Regulation and Defining Features of Human Nox/Duox Homologues

Fig. 2. Local and Systemic Cell-to-Cell Signaling by Nox Enzymes in Plant and Fish in Response to Cell or Tissue Damage

The left panel depicts systemic signaling by RbohD-catalyzed production of ROS in plants. According to this model, cell damage initiates activation of RbohD at the wound site, and the signal is then propagated systemically by ROS-induced activation of RbohD (indicated by white boxes) in neighboring cells, so that diffusion does not diminish the concentration of ROS. The right-hand panel depicts H₂O₂ signaling in fish in response to wounding, which activates the calcium-dependent Duox (indicated by small white boxes), resulting in a gradient of H₂O₂ around the wound site. H₂O₂ then acts both directly to sterilize the area around the wound, and as a chemotactic factor to recruit neutrophils to the region.

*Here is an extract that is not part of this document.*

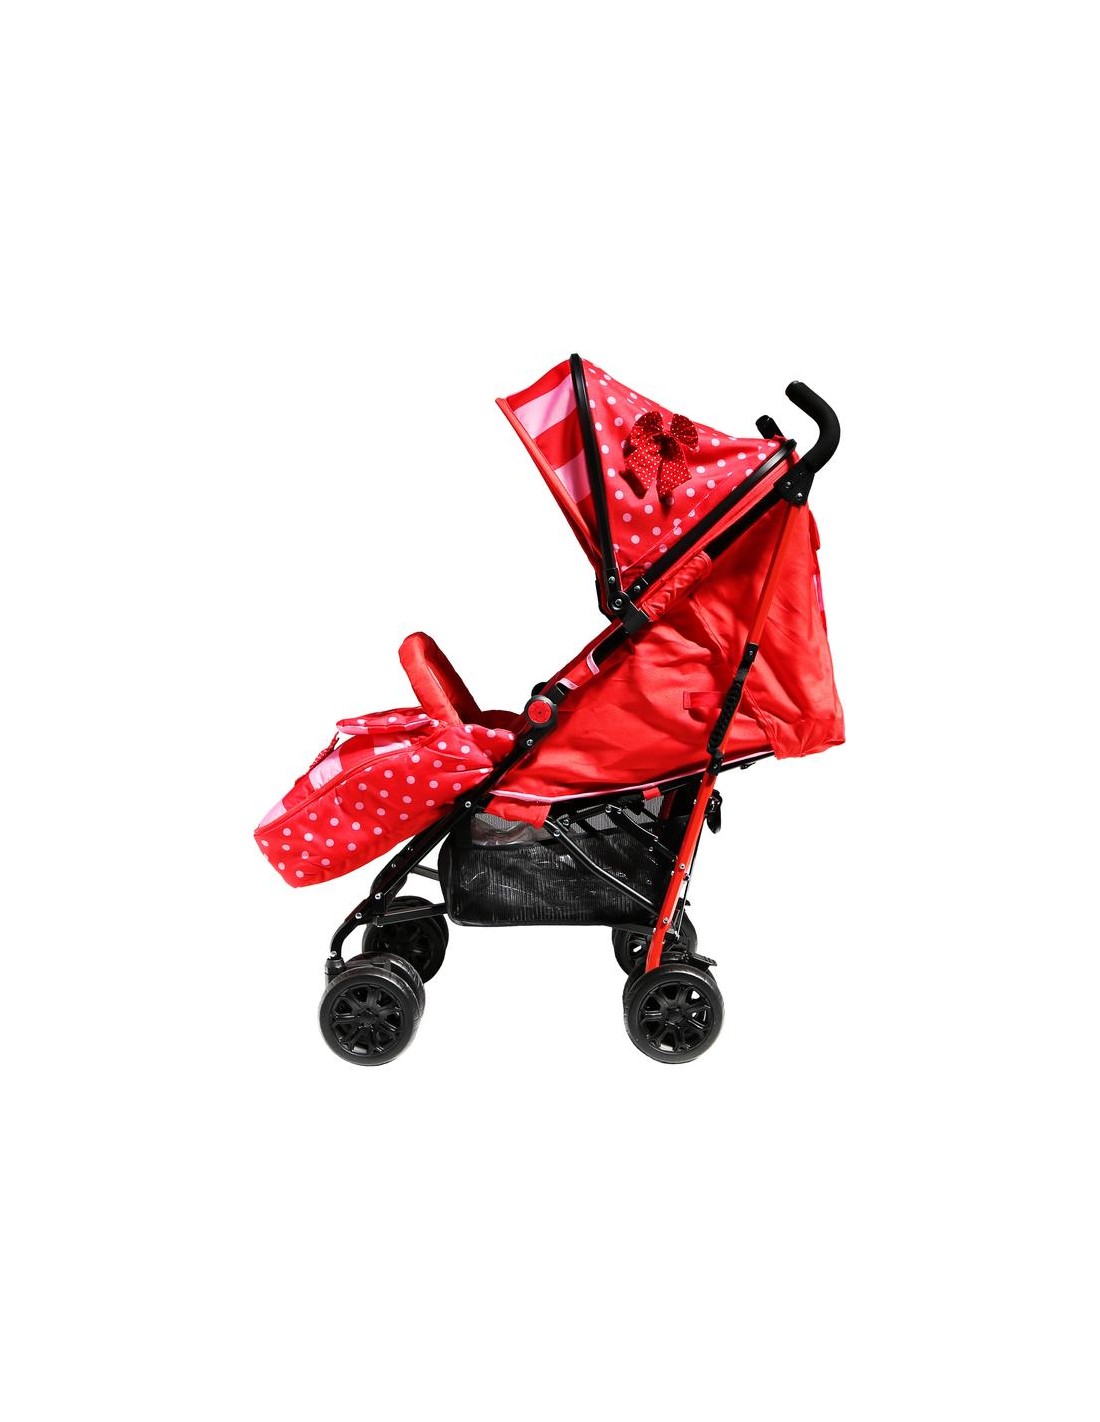 Parent Console Changing Bag 2018 iSafe OPTIMUM Stroller BOW Dots Design

Figure 3. Universality of tyrosine cross-linking among diverse phyla

Shown are examples of tyrosine cross-linking in diverse organisms including nematodes, sea urchin eggs, and plants. The reaction requires H₂O₂ and a peroxidase, which may be either part of a Duox enzyme or may be a separately encoded peroxidase (Px). Also shown in plants is the distribution of ROS (reactive oxygen species) and protons in growing versus quiescent root hairs.

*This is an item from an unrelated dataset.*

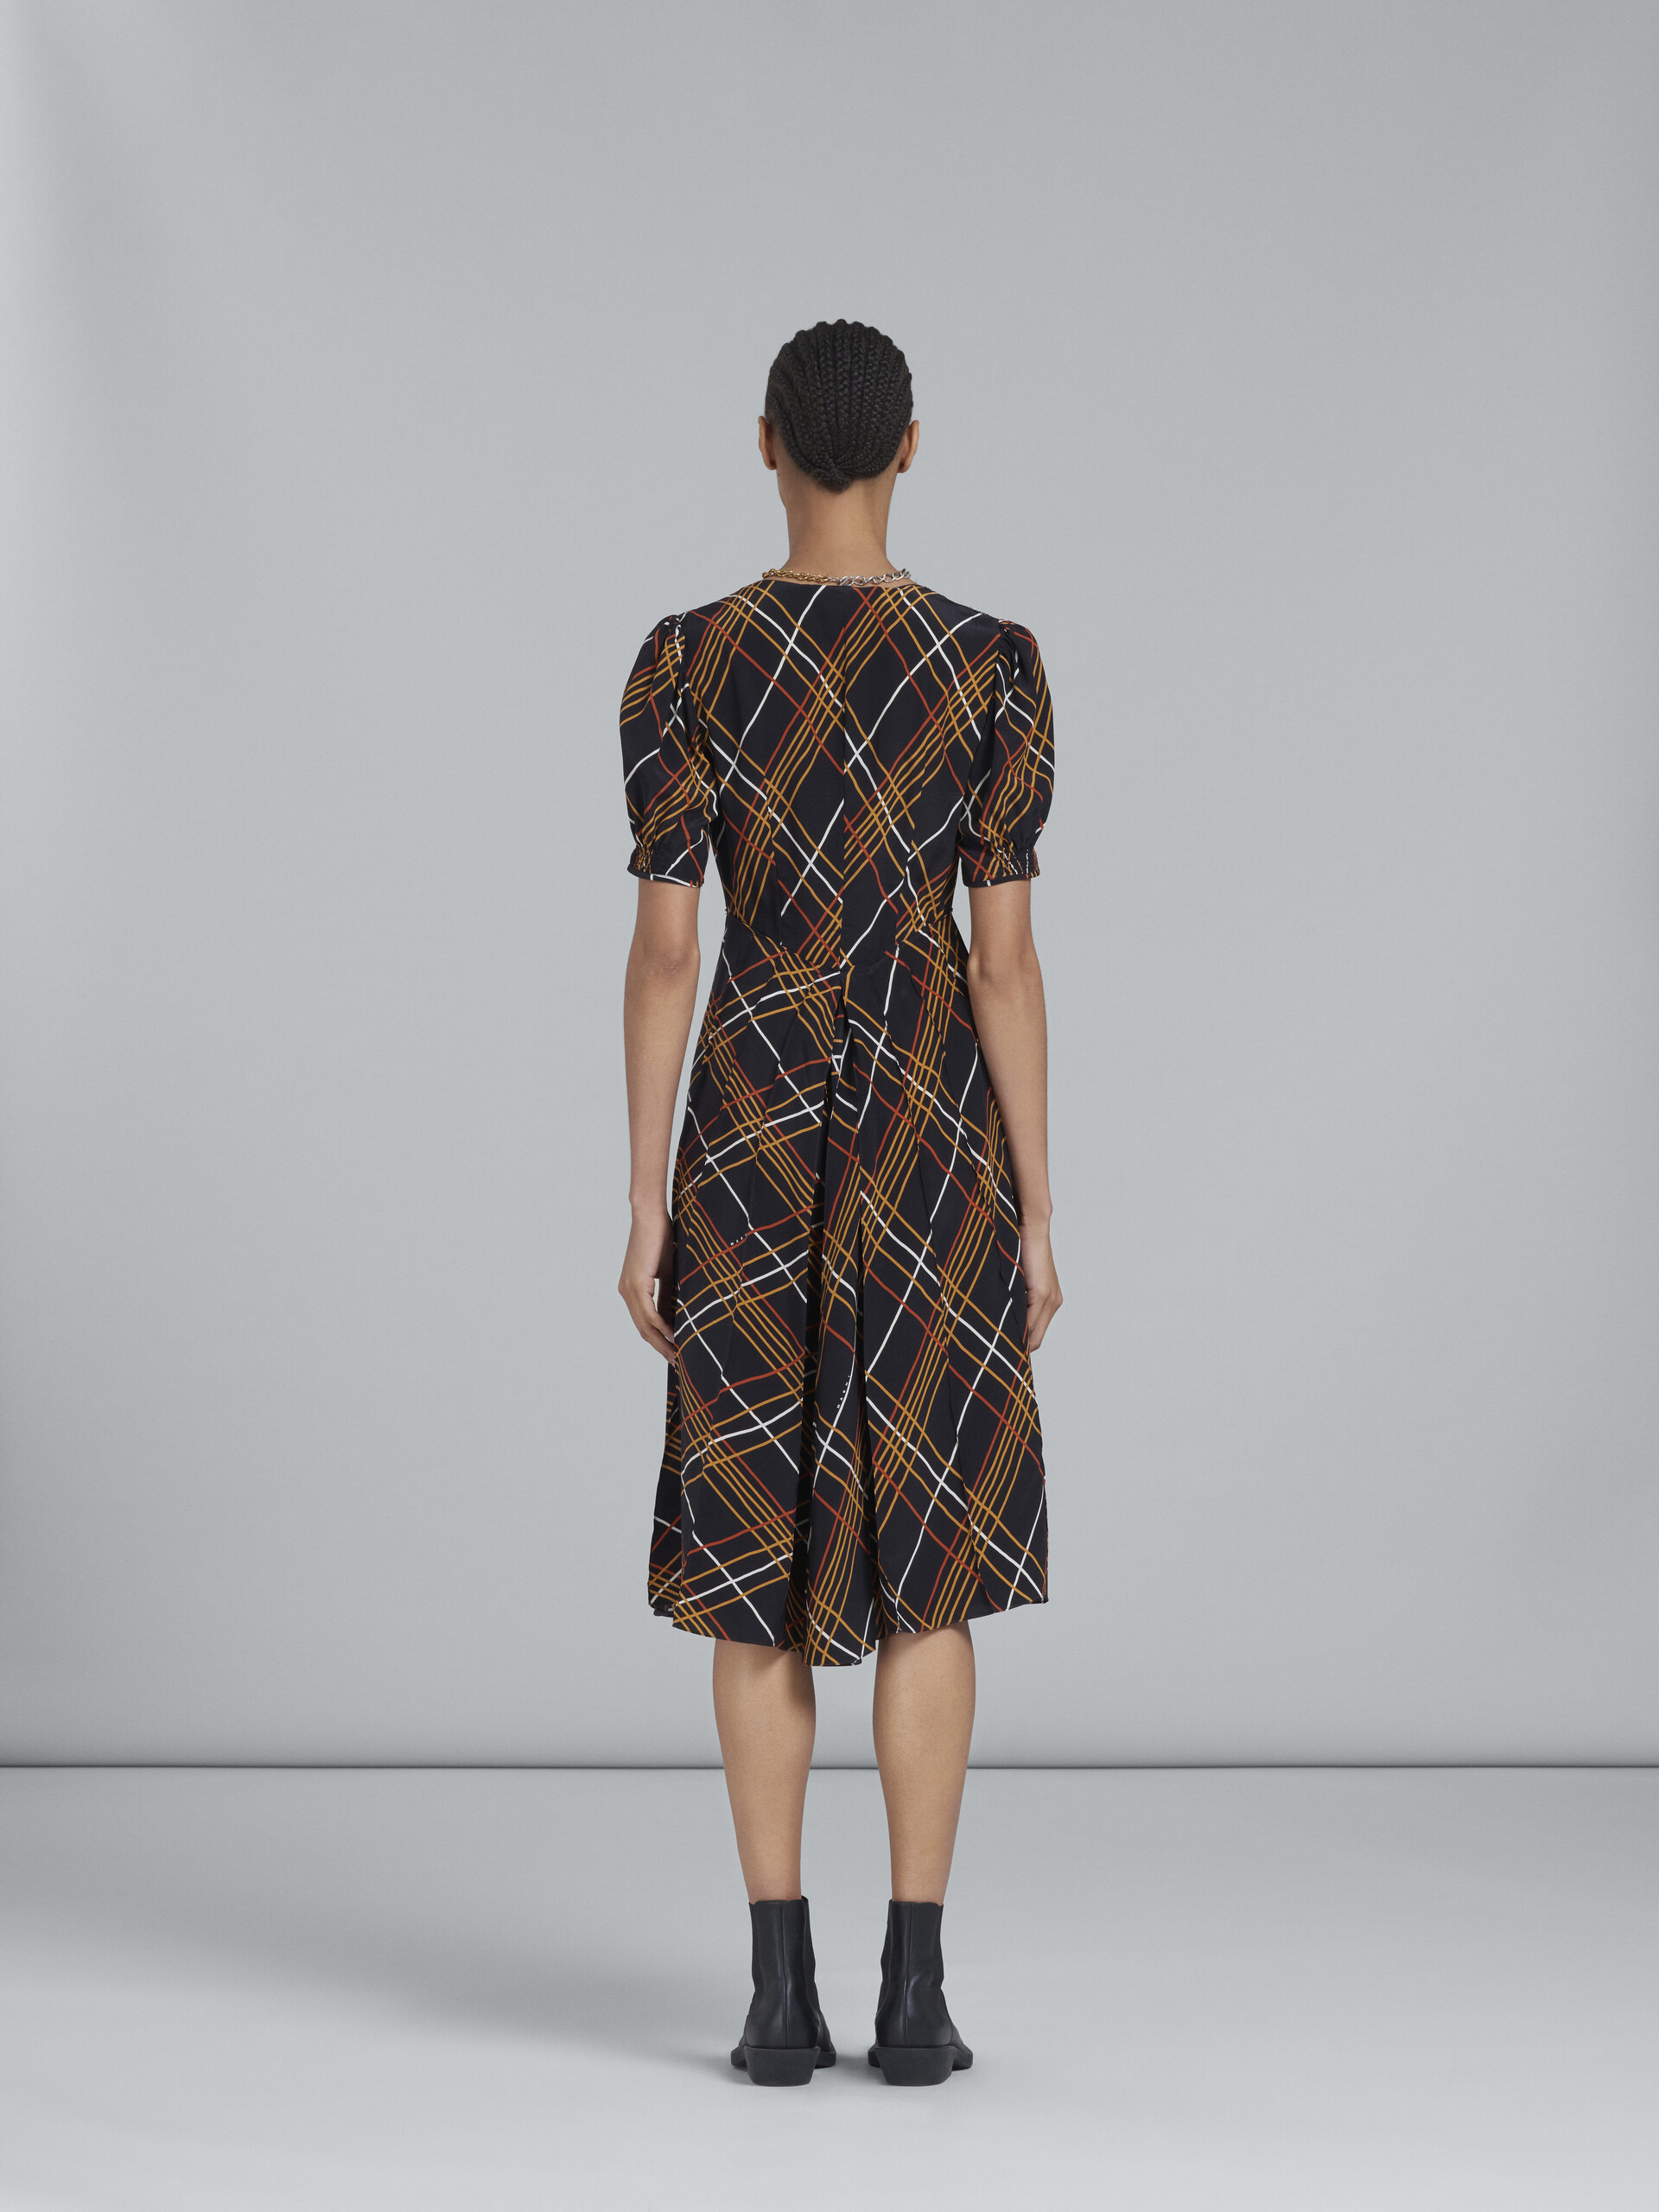 Wild Roads print silk dress - Dresses - Image 3

Fig. 4. Biological roles for ROS-generating and Peroxidase-like domains of C. elegans Duox1

Duox in nematode worms functions in both gastrointestinal immunity and in cuticle stabilization, the latter via tyrosine cross-linking as shown in Fig. 3. Various domains and prosthetic groups are indicated, including the peroxidase-homology domain, which contains a heme group (square with dark center). A point mutation in the peroxidase domain inactivates the cuticle stabilization (producing the blister phenotype), but does not affect GI immunity, indicating that the immunity function does not require a functional peroxidase domain.